Однако для горожан главный интерес праздника заключался не в этих картинах и даже не в материи на столбах, их мысли были заняты другим. Дневниковые записи Князева о праздновании годовщины Октября можно назвать «Балладой о сайке». 29 октября он писал: «Большевики наобещали с три короба к праздникам, а теперь жмутся. И по фунту хлеба, и булку, и сахару к чаю обещали, а теперь от одного отперлись, другое сократили до минимума». 30 октября: «У нас на службе невыносимо холодно… Все забрались в переплетную, которая превращена в кухню. Жарят и пекут картофель… Только и разговоров что о большевистской сайке. Легенды уже сплетаются вокруг этой злополучной, обещанной на праздник сайки!» 5 ноября: «Когда я подходил к дому, на телеге, груженной доверху, везли сайки. Значит, сайки будут давать!» И, наконец, 6-го: «Дали по сайке! Одну мы тотчас же съели. „А вот придут немцы — каждый день по сайке есть будем!“ И много (многие) так рассуждают». Начало ноября в городе обычно холодное и ненастное, так было и в тот раз: 7 ноября с утра задул сильный ветер, весь день моросил дождь. Назавтра декорации обвисали драными клочьями, ветер покосил «триумфальные арки», разметал по земле еловые ветви. И все же праздник удался: было множество митингов, процессий, речей на площадях, а когда стемнело, то, по словам Князева, «было грандиозное шествие с факелами. Пожарные в медных касках и громадная толпа с сотнями пылающих факелов производила сильное впечатление». Александр Блок весь день провел в городе, а вечером записал: «Праздник… Никогда этого дня не забыть». Он еще различал в штормовом ветре музыку революции, но большинство оглушенных ее ревом вспоминали о сайке, о незабвенной сайке… Кто осудит несчастных сирот военного коммунизма?

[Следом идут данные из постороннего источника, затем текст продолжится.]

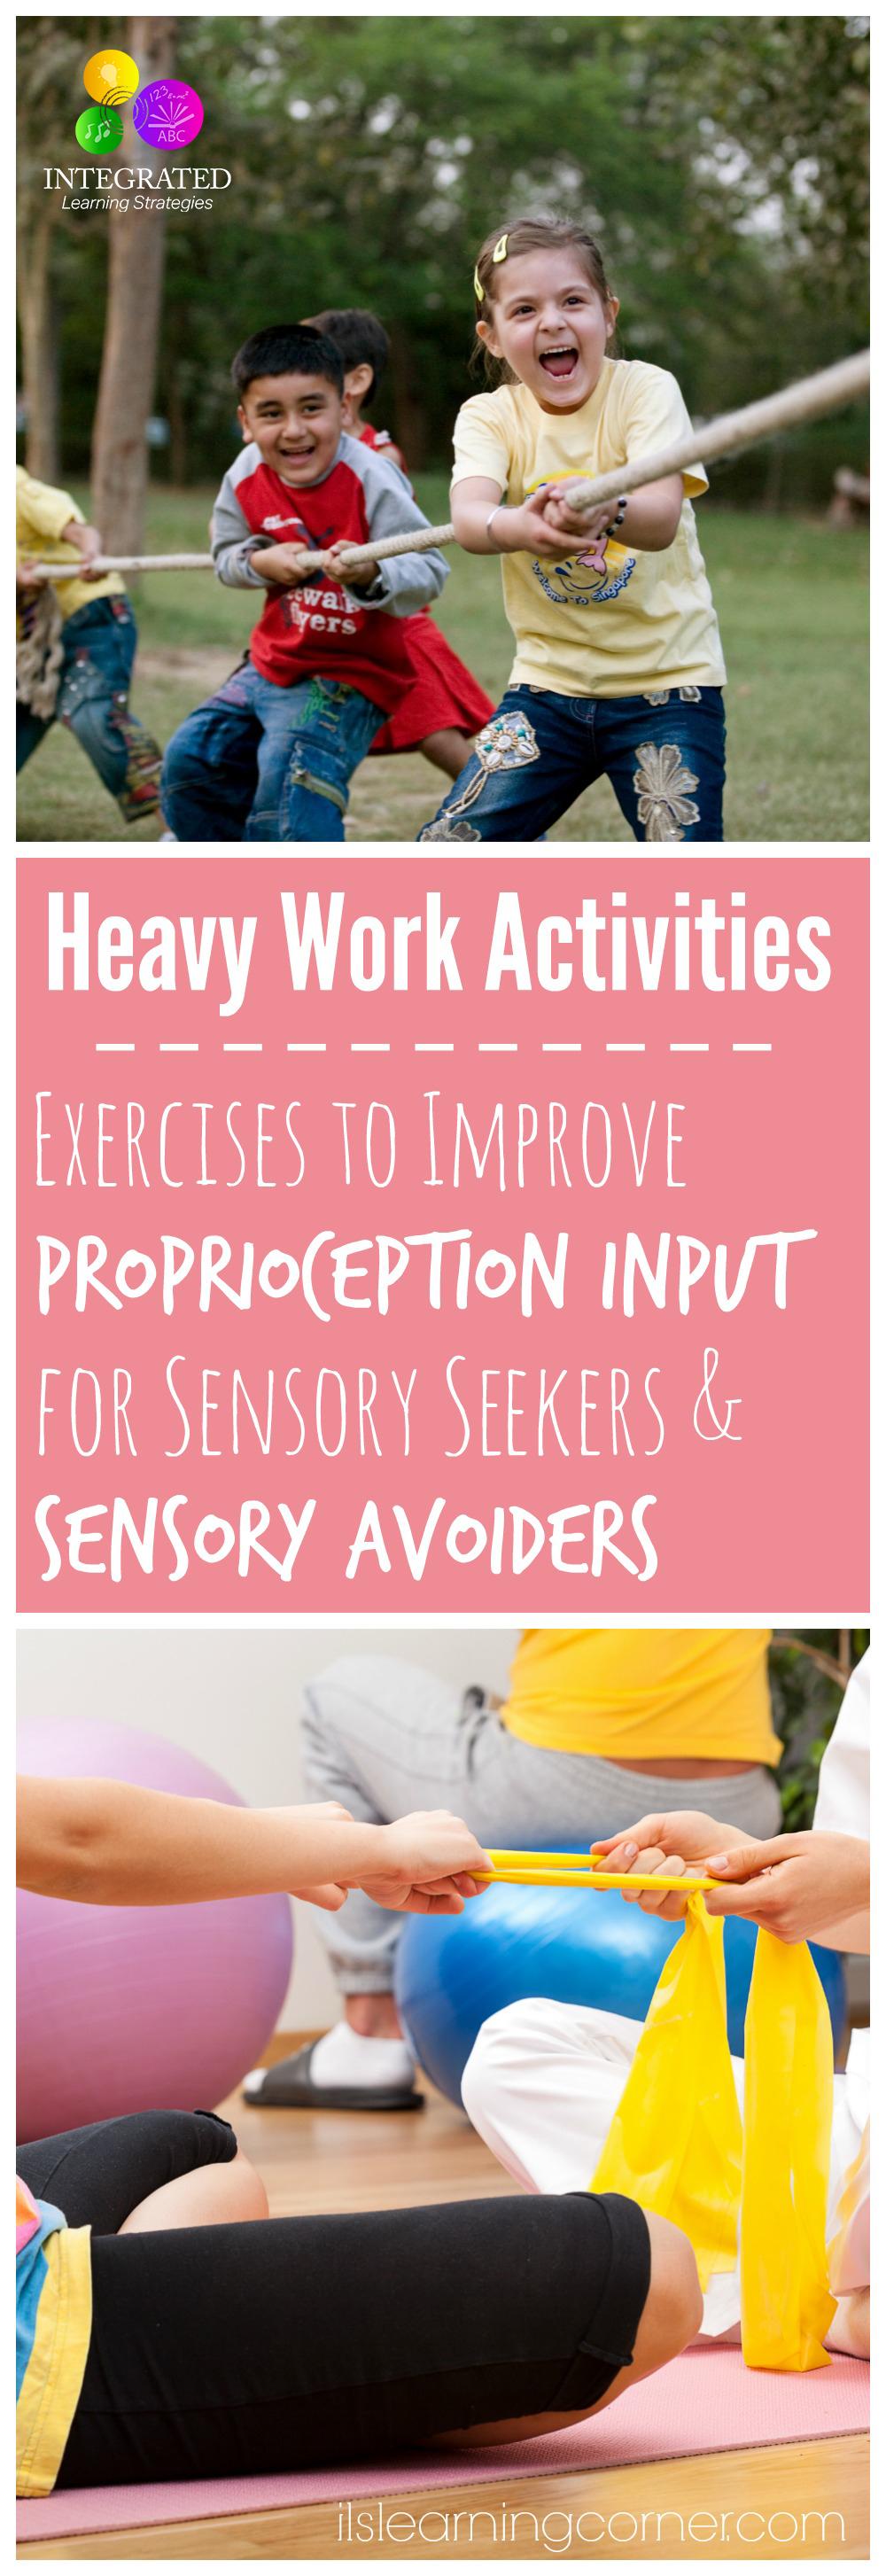 Heavy Work Activities Prevent Proprioceptive Dysfunction

К зиме жизнь в Петрограде стала не просто голоднее и тяжелее, это была совсем другая жизнь. Не раз казалось, что вот оно, дно, дальше падать некуда, но бездна раскрывалась глубже — и так без конца, до избавления в смерти. Через год после «Двенадцати» в записных книжках Блока часто повторяется слово «ужас», почти в каждой записи известие о чьей-то смерти. 14 декабря 1918 года он писал: «Все это предельно. На душе и в теле — невыразимо тяжко. Как будто погибаю. Мороз мучителен»; 20 декабря: «Ужас мороза. Жру — деньги плывут. Жизнь становится чудовищной, уродливой, бессмысленной…»; 31 декабря: «Слух о закрытии всех лавок (из лавки). Нет предметов первой необходимости. Что есть — сумасшедшая цена. — Мороз. Какие-то мешки несут прохожие. Почти полный мрак. Какой-то старик кричит, умирая от голоду. Светит одна ясная и большая звезда».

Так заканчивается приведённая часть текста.